【HDU 3810】 Magina (01背包,优先队列优化,并查集)
Magina
Problem DescriptionMagina, also known as Anti-Mage, is a very cool hero in DotA (Defense of the Ancient).
If you have no idea of him, here is some brief introduction of his legendary antecedents:
Twin sons to the great Prophet, Terrorblade and Magina were blessed with divine powers: Terrorblade granted with an unnatural affinity with life forces; Magina gifted with energy manipulation. Magina's eventual overexposure to the magic gradually augmented his elemental resistances and bestowed him the unique ability to move faster than light itself. Now, broken by Terrorblade's fall to the dark side, Magina answers the Sentinel's call in a desperate bid to redeem his brother. Every bitter strike turns the Scourge's evil essences upon themselves, culminating in a finale that forces his enemy to awaken to the void within and spontaneously implode.
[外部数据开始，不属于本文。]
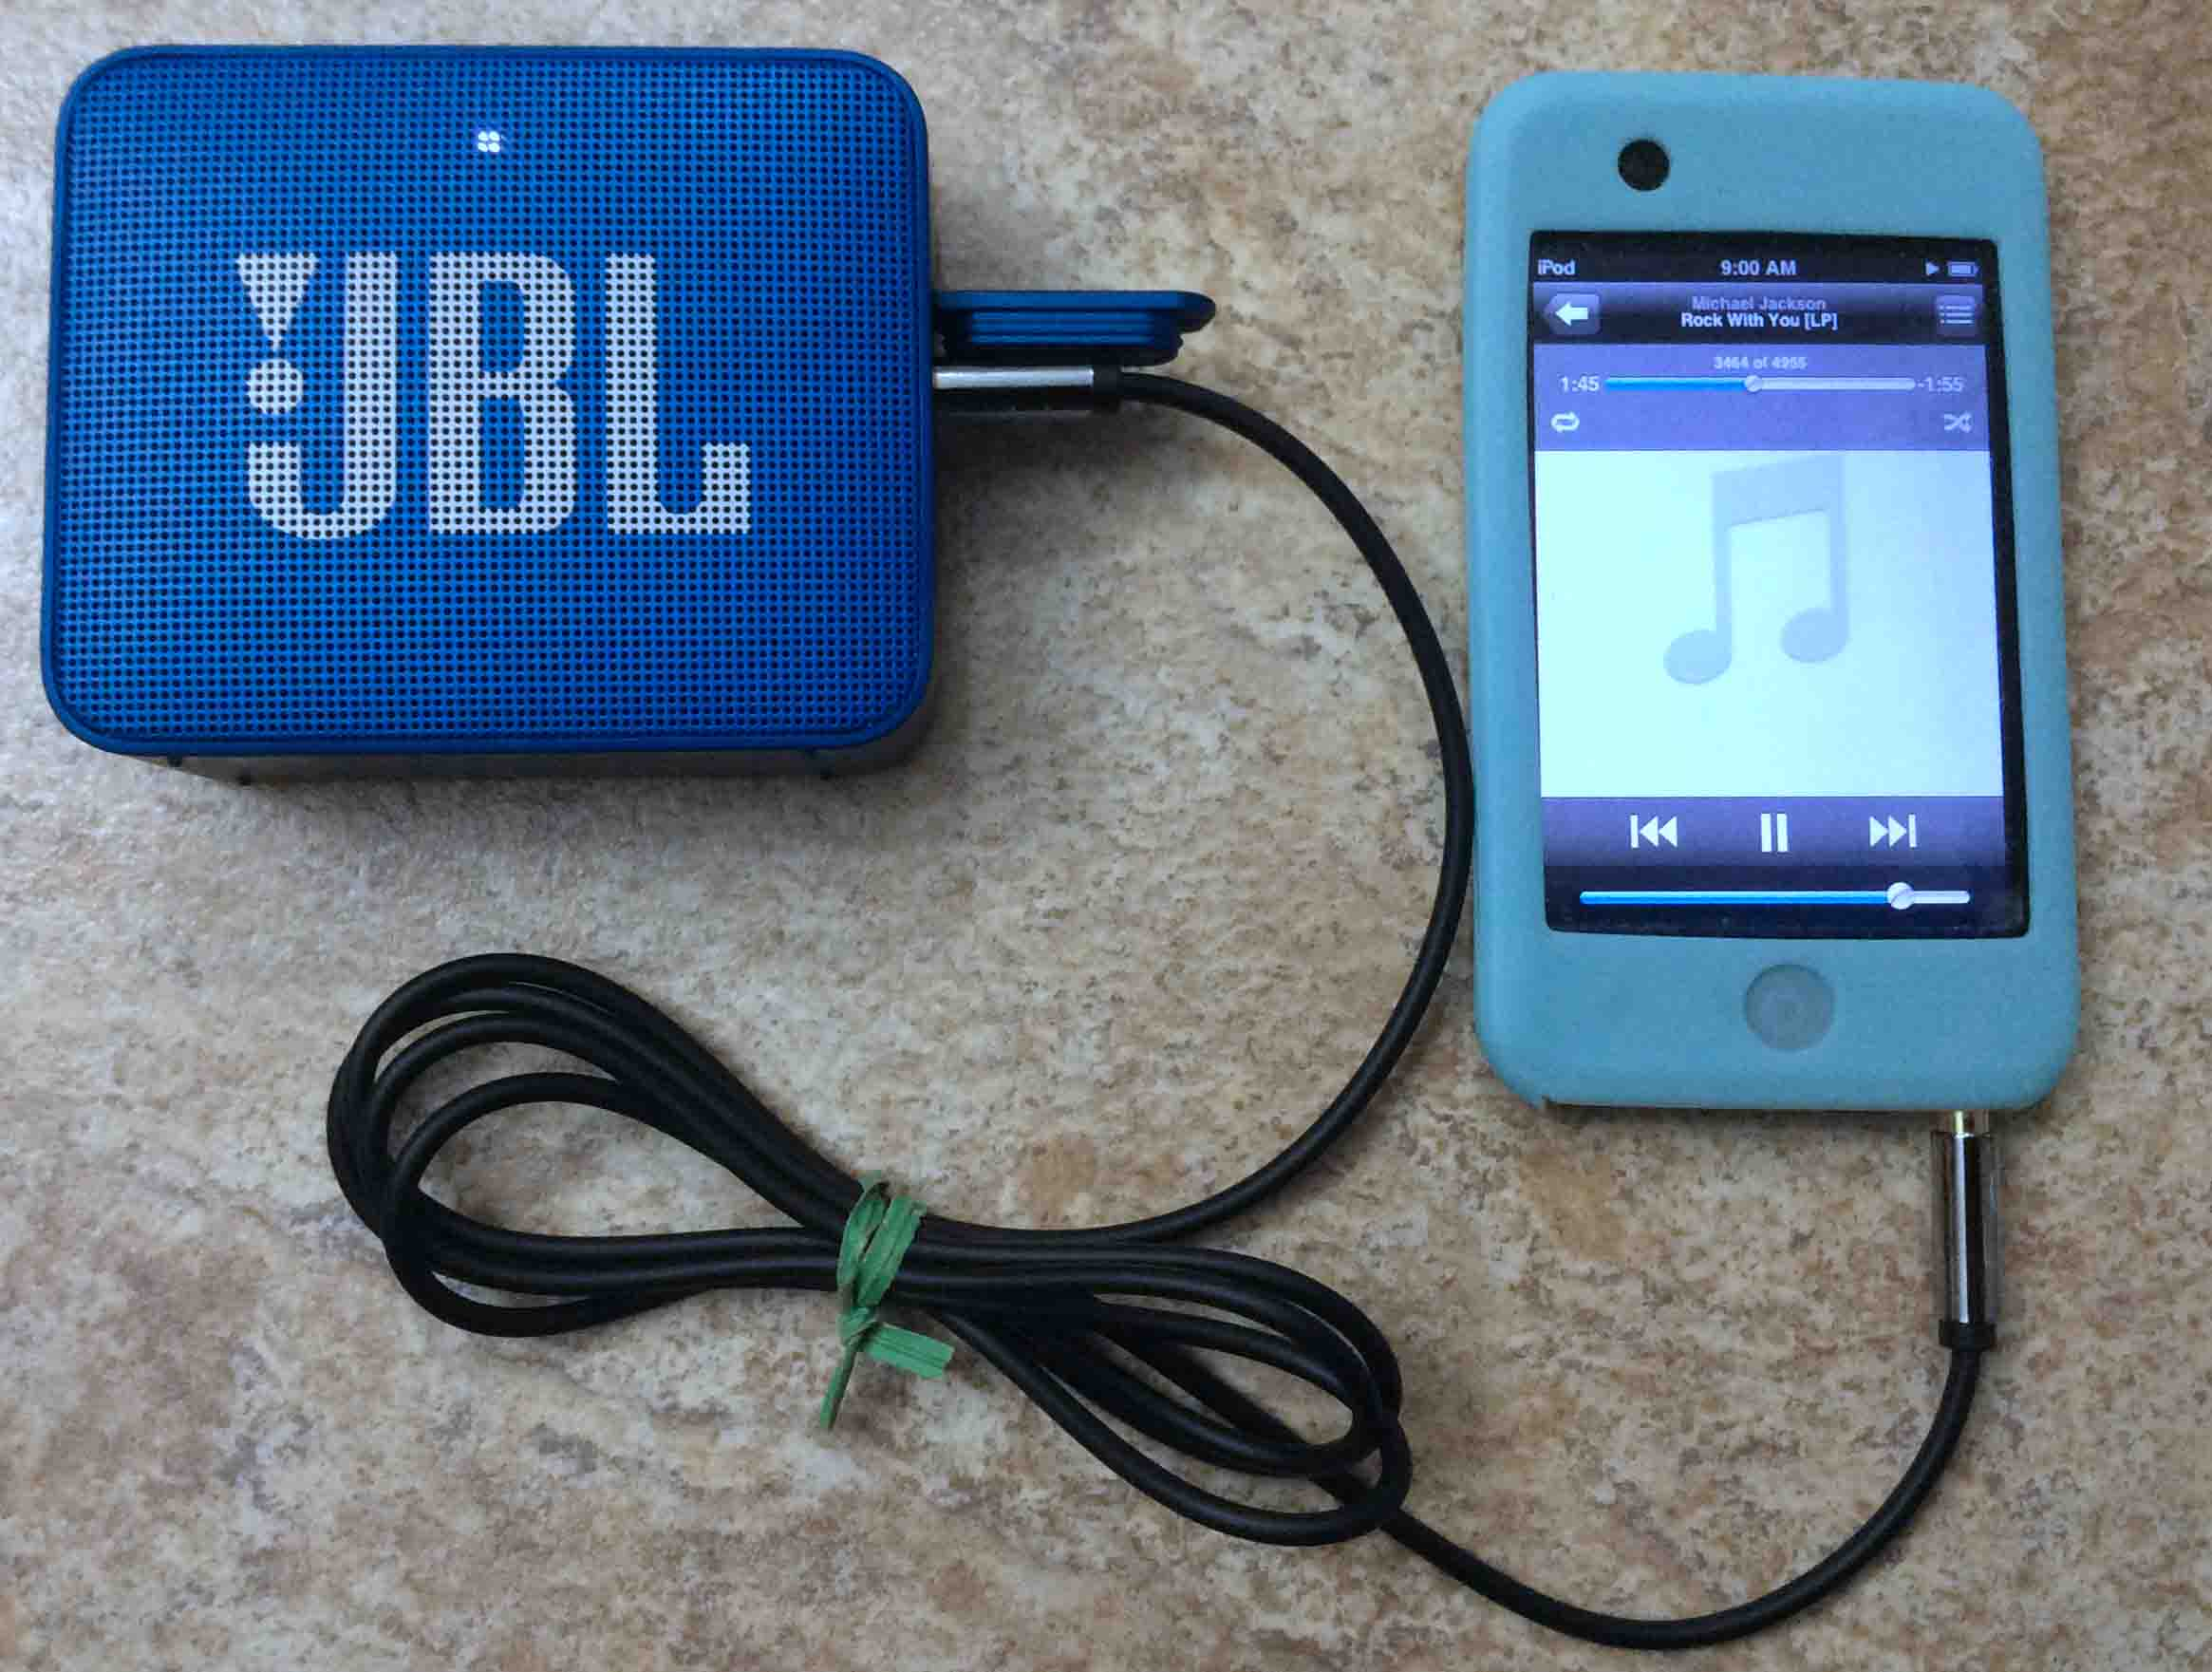 Jbl Go 2 Review Of This Portable Bluetooth Mini Speaker Tom S Tek Stop

Magina has a very IMBA (imbalanced) skill – Blink, yes, move from one place to another place in a wink. Our problem begins at there.
As a formidable hero in the later stage, Magina always farm with the wild monsters for a long time. To make the farming more efficient, Magina use Blink frequently to jump here and there. Here we assume Blink skill has no CD, that is, we can use this skill at any time we want.
There are N spots of the wild monsters, and Magina can choose any one to begin. For every spots, Magina may use Ti time to kill the monsters and gain Gi units money, or he choose blink to other spots, which is known to our brilliant Magina. If the monsters in a spot were killed, it won’t appear any more.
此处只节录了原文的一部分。